15 October 2010

Train-train

The world is rolling around one more time,
giving me another chance to do the things I’ve
successfully deferred every day so far.
I go to the market
and a girl climbs into my eyes like they do every couple hours.
Reasons to fall assemble easily:
because of the way she’s smearing jelly
between two cookies with a dull, shiny knife,
because of the way she almost kisses the glass display case
when she breaths on it to clean it,
because of the way the flowers in black plastic barrels
surround her, eager to be gathered up and delivered
to her arms. (If it’s at all about love, it’s as much about
ferrying the flowers to their respective destinies)
Two models sit near me
looking just like how models are supposed to look, but somehow
they are not attractive to me, their beauty too flagrant a reminder
of the imbalance of things. I suspect I am not the kind
of man they require and silently rescind myself.
I prefer the jelly girl,
whose beauty is subdued by a kind of helplessness. She shares an
oppression with me, being meek enough to have arrived behind that counter,
at the mercy of the clock spinning her toward a boredom of her own choosing.

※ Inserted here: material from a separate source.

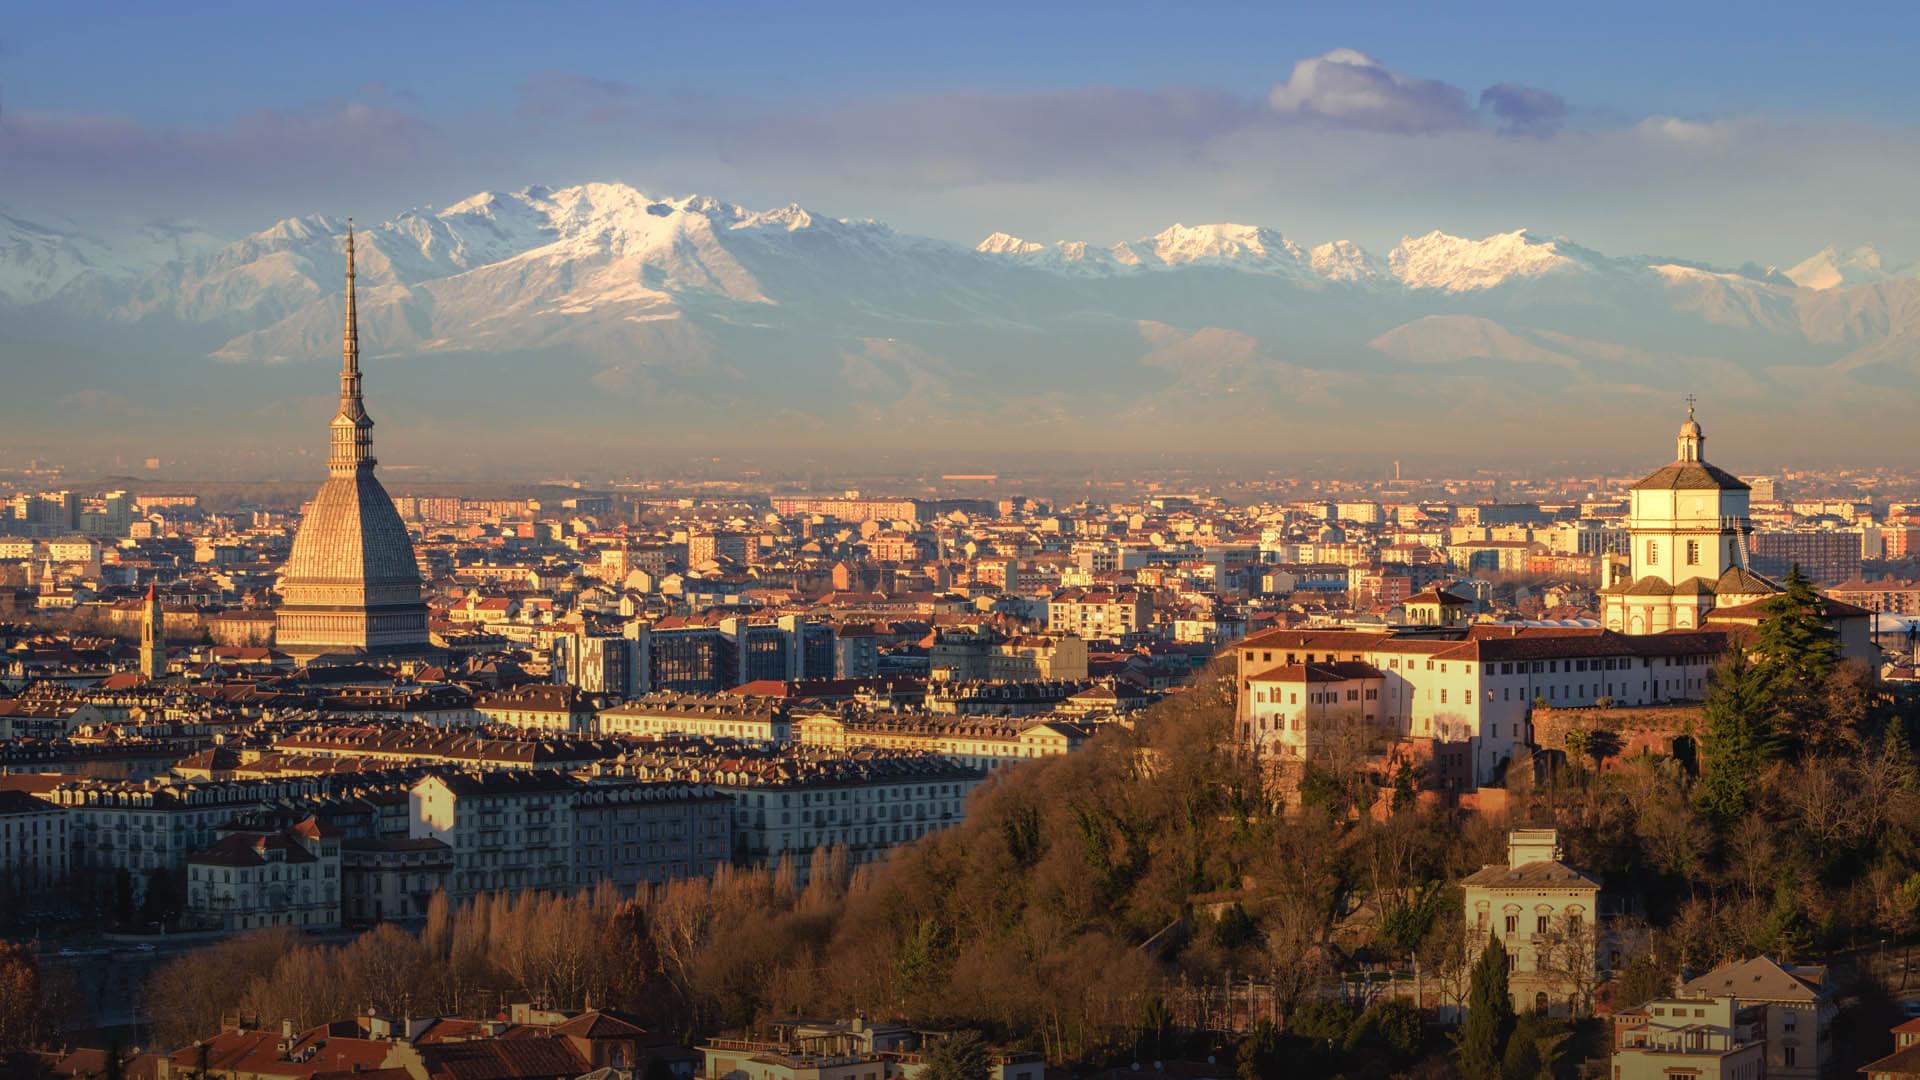 Piedmont Turin

I should talk to her. Instead, I watch the
steam rising from my coffee, continually refreshing
the idea of death, which remains unconvincing.
In case I’m wrong, I should talk to her.
A hundred million years from now
none of it will have mattered
as right now all of it matters so much.
Every discarded moment piles into
an ever-rising crest of Now.
Now is here. That much is clear.
Go talk to her. Go talk to her. Go talk to her
(My mind is always giving an ineffectual pep talk,
I seem to be a sightseer touring all the various guilt trips of life).
I can’t think my way into the brief lapse of thought
we call courage. I’m entrenched. I've done all I can
to make myself impervious to chance,
to ensure safe, undisrupted passage down the corridor of each day.
I’ve plied my aloneness into solitude,
where shrewder ones have learned to
accompany it with people.

The familiar, gloomy conclusion
revises itself for today’s dilemma:
If I talk to her, it won’t make me any less alone.
Once again I have bartered bravery and the dim possibility
of elation for the patchy cloak of thought.

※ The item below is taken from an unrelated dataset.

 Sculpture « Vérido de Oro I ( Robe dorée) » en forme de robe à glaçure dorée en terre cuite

Starting home, I am pleased to feel
my feet hijack my body. They take me
on a detour by her booth.
I clutch an alibi: I’m only looking at the cakes.
I pretend to look at the cakes
while actually looking at the cakes
when I feel her walk up
(I've endowed her with such magnitude).

I brave a look at her.
She smiles at me.
I may have twitched
something back before fleeing.
I cherish the smile all day on into the night.
It justified the whole thing somehow.
She smiled at me. I've seen it.
Tomorrow I’ll say everything to her.